Although in the study conducted by Ibrahim et al. there was no episode of pulmonary hypertensive crisis in either of the group, in our study we also didn’t have observed any episode of pulmonary hypertensive crisis. Also as in the study by Ibrahim et al. there were no in hospital mortality in our study.
Inhaled Milrinone has been found to be equally effective as Inhaled Levosimendan in reducing elevated PASP post operatively in children with congenital heart disease with left to right intra cardiac shunt with pulmonary hypertension undergoing surgical correction under CPB. However we found that effect of Inhaled levosimendan in reducing PASP lasted longer than Inhaled Milrinone.
Both Inhaled Milrinone and Inhaled Levosimendan do not cause significant systemic hemodynamic effects or do not result in increased requirement of vasopressors.

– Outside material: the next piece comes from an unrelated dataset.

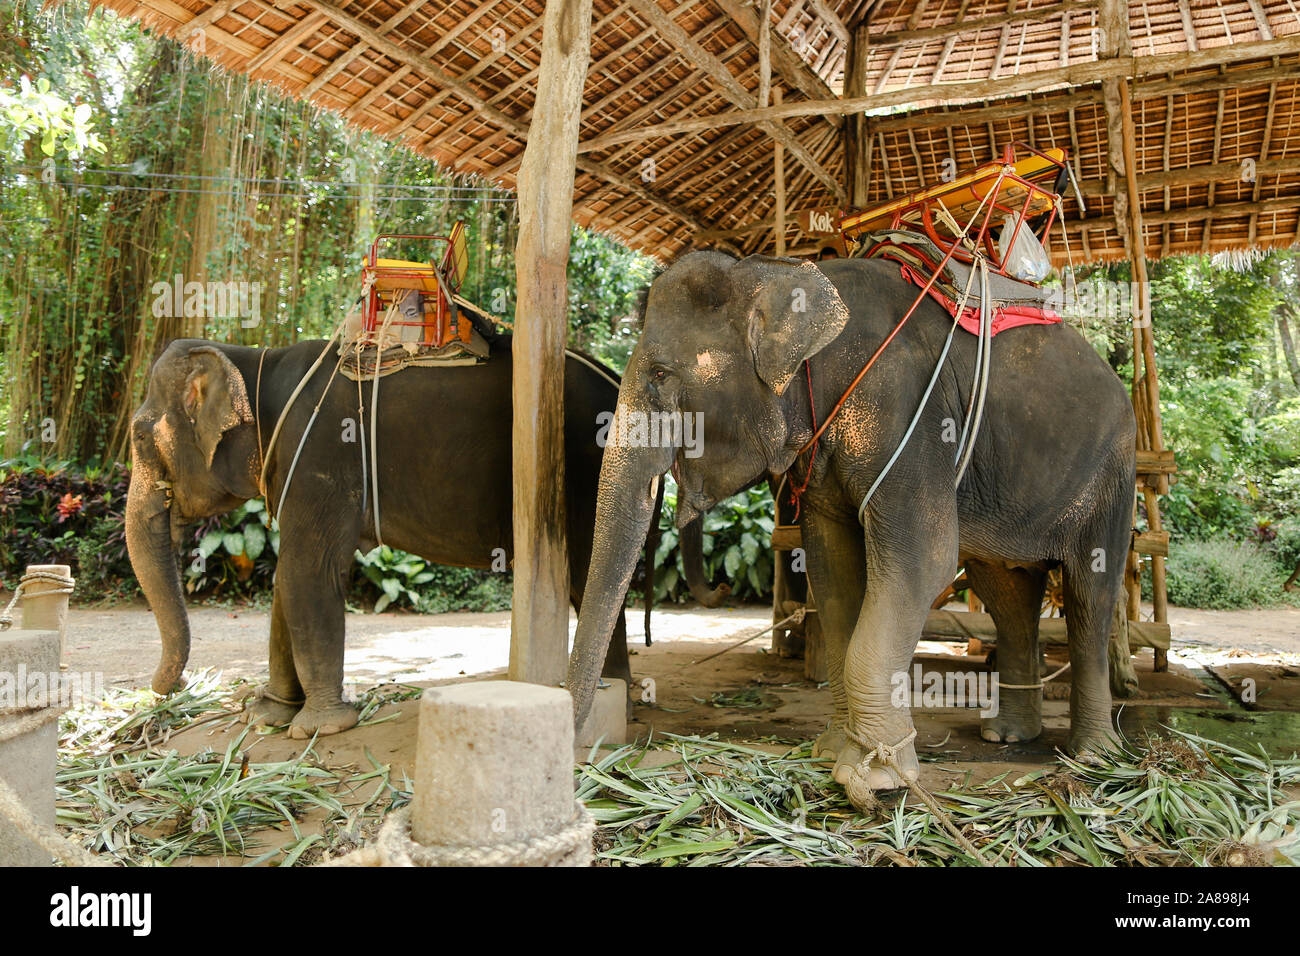 Elefanten mit Reiter Sattel in Thailand Stockfotografie - Alamy

Both Inhaled Milrinone and Inhaled Levosimendan do not cause significant increase in post operative complication including ICU length of stay and in hospital mortality.
Therefore, although both Inhaled Milrinone and Inhaled Levosimendan are effective in reducing elevated pulmonary artery systolic pressure without causing systemic hypotension in children with congenital heart disease with left to right intra cardiac shunt with pulmonary hypertension undergoing surgical correction under CPB, inhaled levosimendan probably has longer duration of action.